* _GIVEN INFORMATION_:
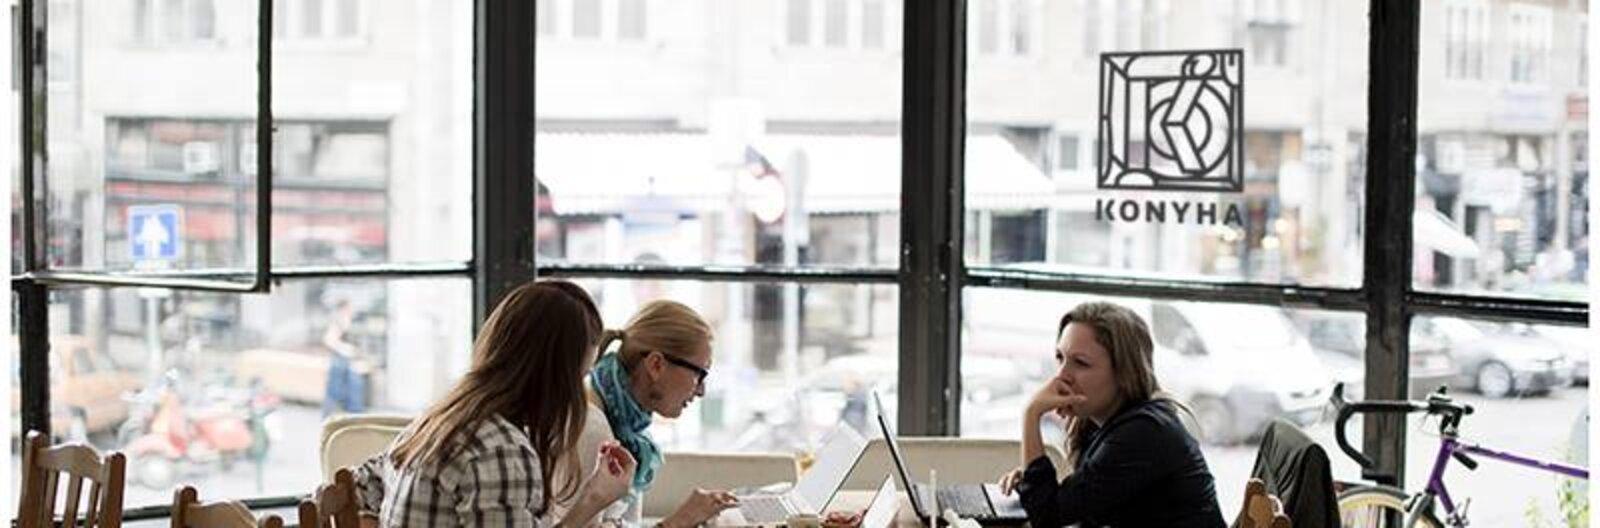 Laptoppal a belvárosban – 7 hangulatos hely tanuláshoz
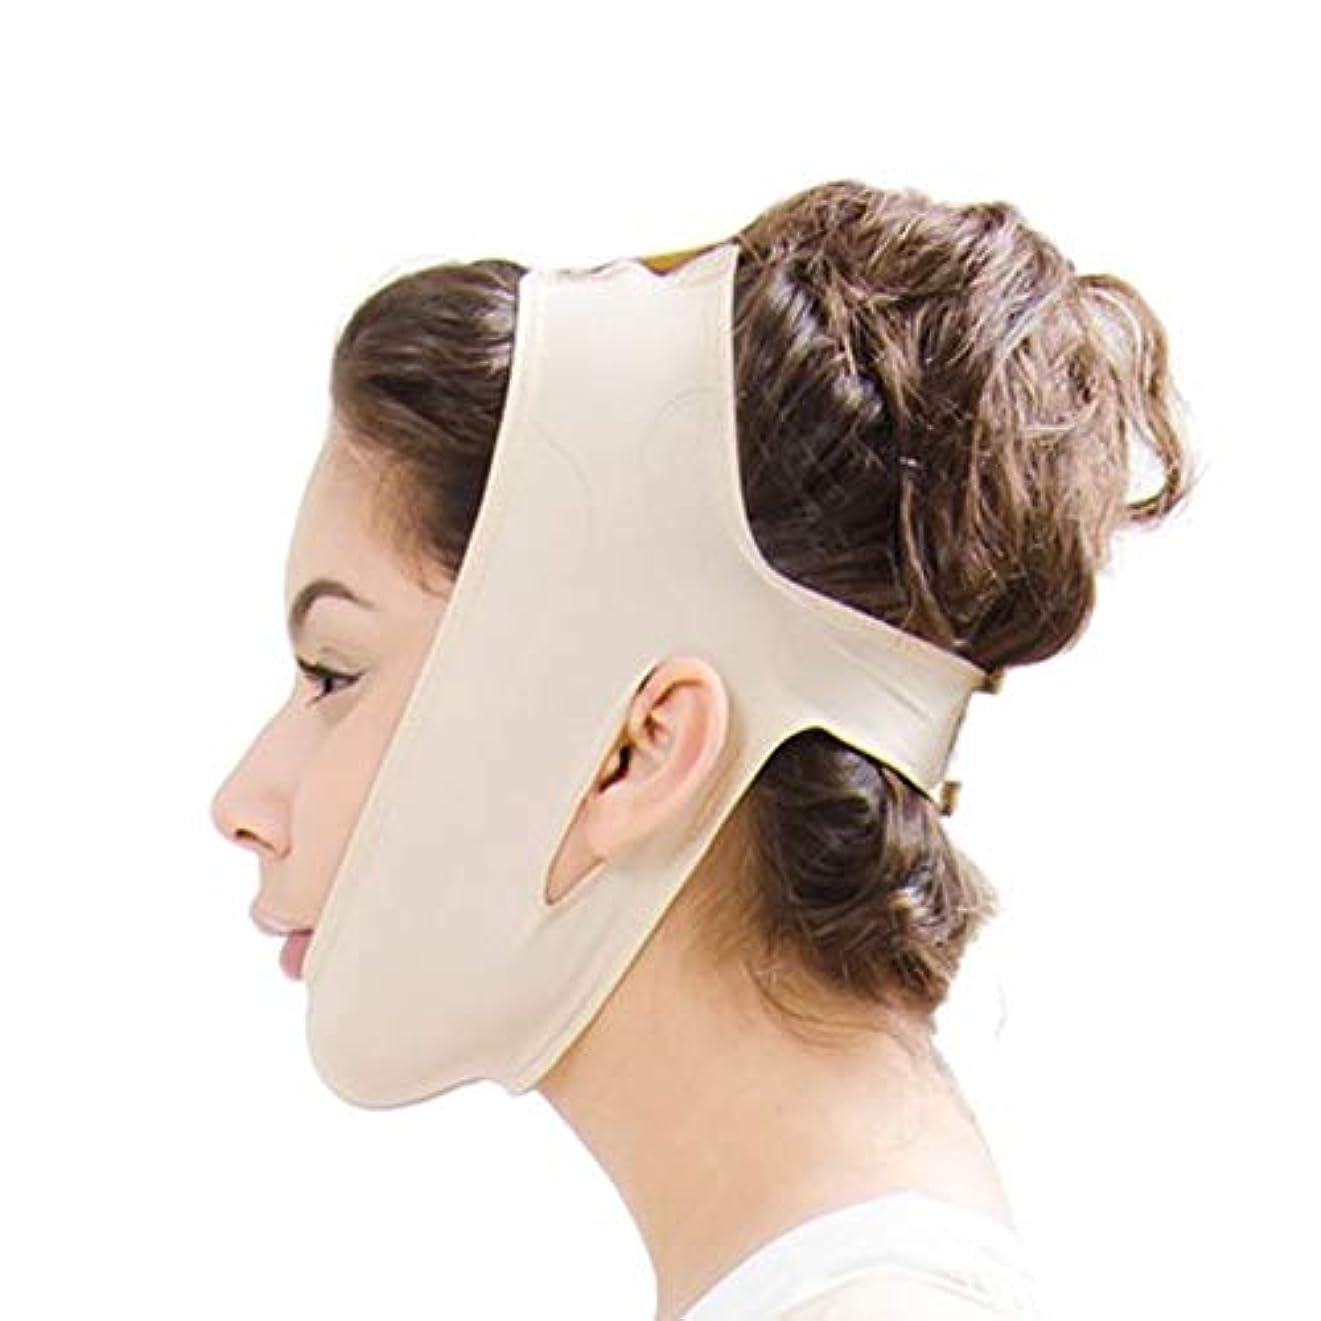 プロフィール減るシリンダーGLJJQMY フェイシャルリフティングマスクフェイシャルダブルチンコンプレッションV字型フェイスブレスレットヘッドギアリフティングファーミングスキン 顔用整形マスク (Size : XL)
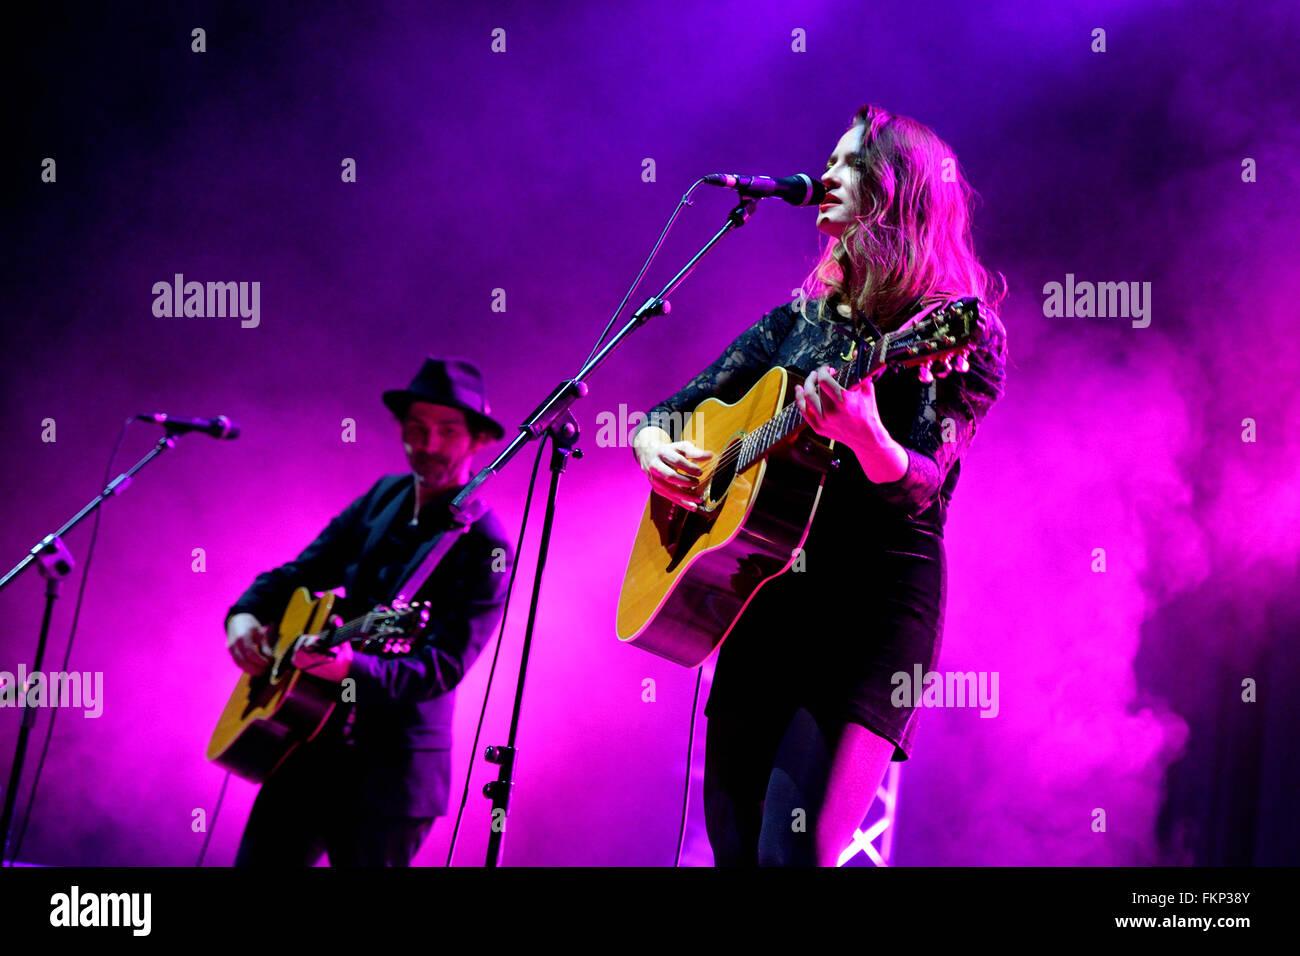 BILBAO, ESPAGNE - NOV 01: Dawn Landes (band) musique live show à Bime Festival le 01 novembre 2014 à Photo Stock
---
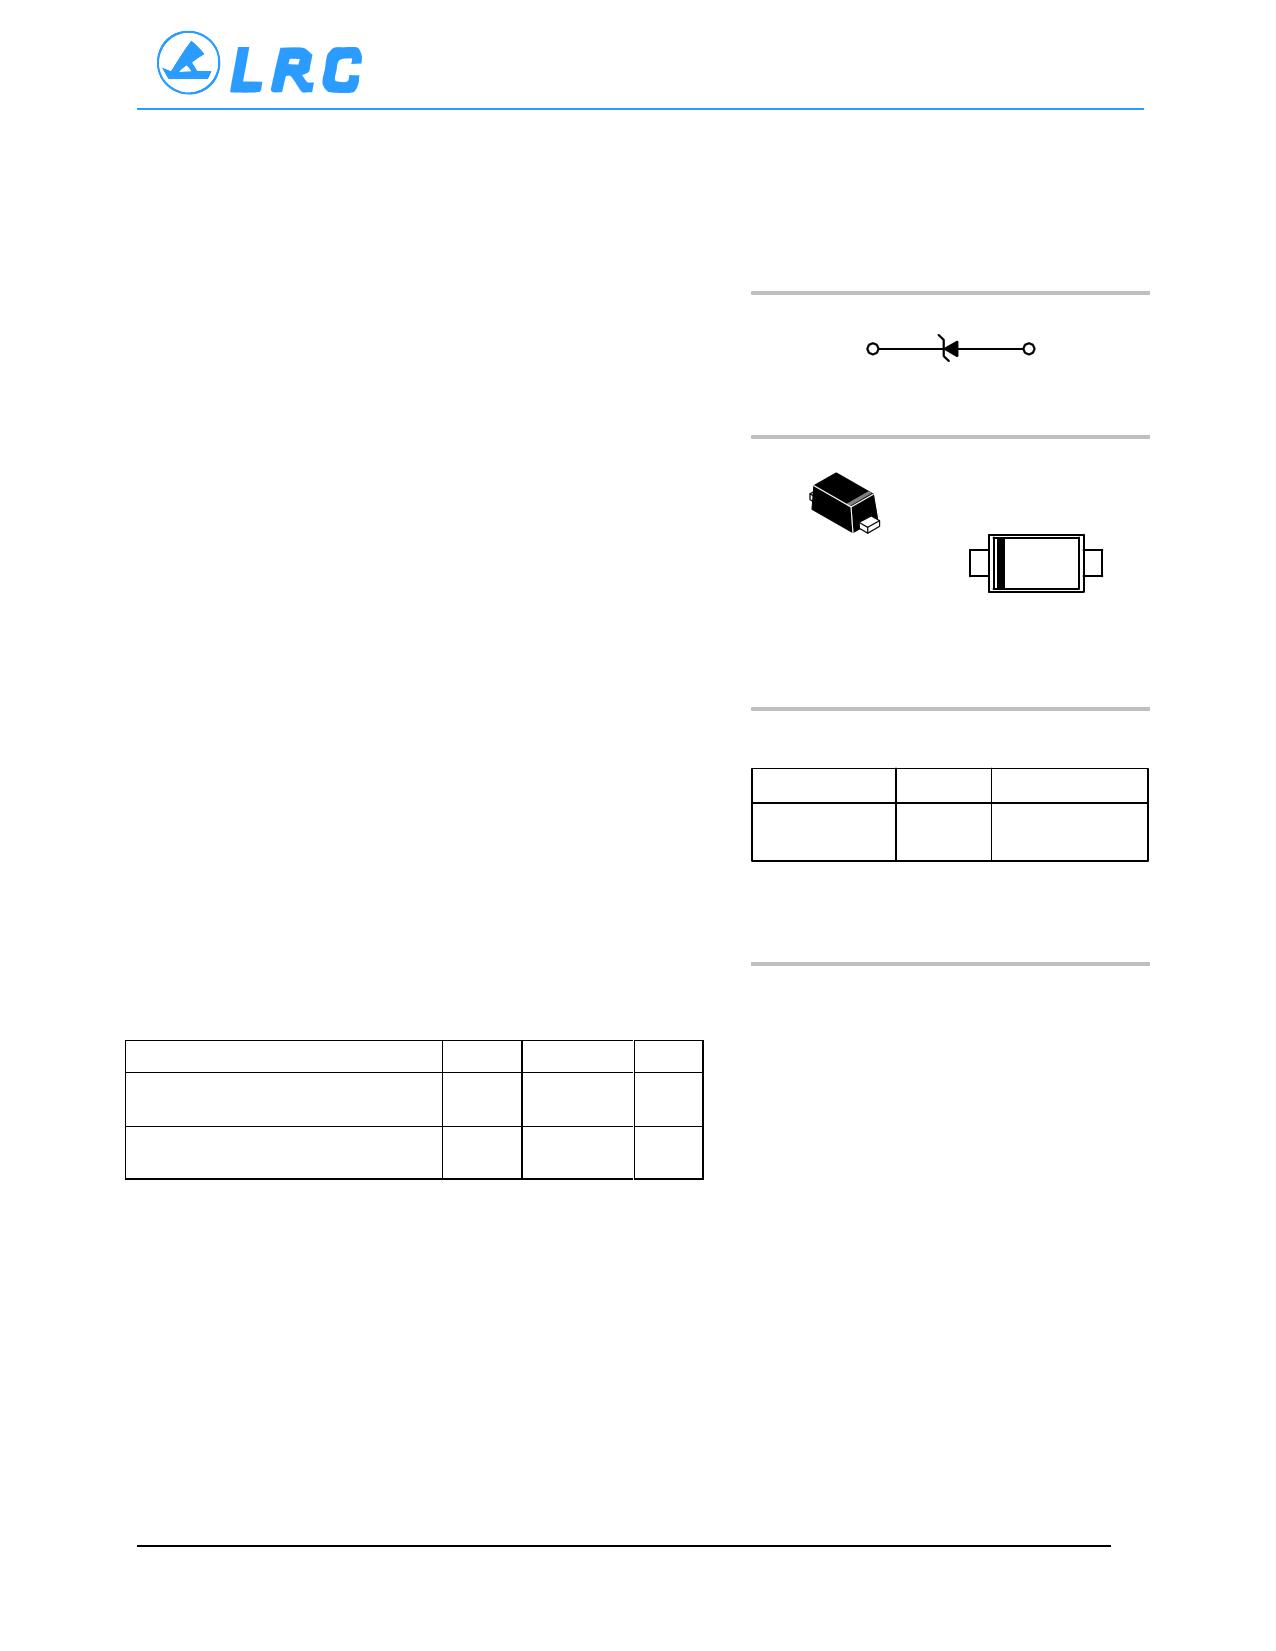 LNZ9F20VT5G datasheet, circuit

* _WHAT TO DO_:
Within the listing above, the lines starting at the one containing "Laptoppal a belvárosban" and ending at the one containing "BILBAO, ESPAGNE - NOV" are to be returned exactly. Omit the pictures.

* _SOLUTION TO THE PROBLEM_:
 Laptoppal a belvárosban – 7 hangulatos hely tanuláshoz
 プロフィール減るシリンダーGLJJQMY フェイシャルリフティングマスクフェイシャルダブルチンコンプレッションV字型フェイスブレスレットヘッドギアリフティングファーミングスキン 顔用整形マスク (Size : XL)
 BILBAO, ESPAGNE - NOV 01: Dawn Landes (band) musique live show à Bime Festival le 01 novembre 2014 à Photo Stock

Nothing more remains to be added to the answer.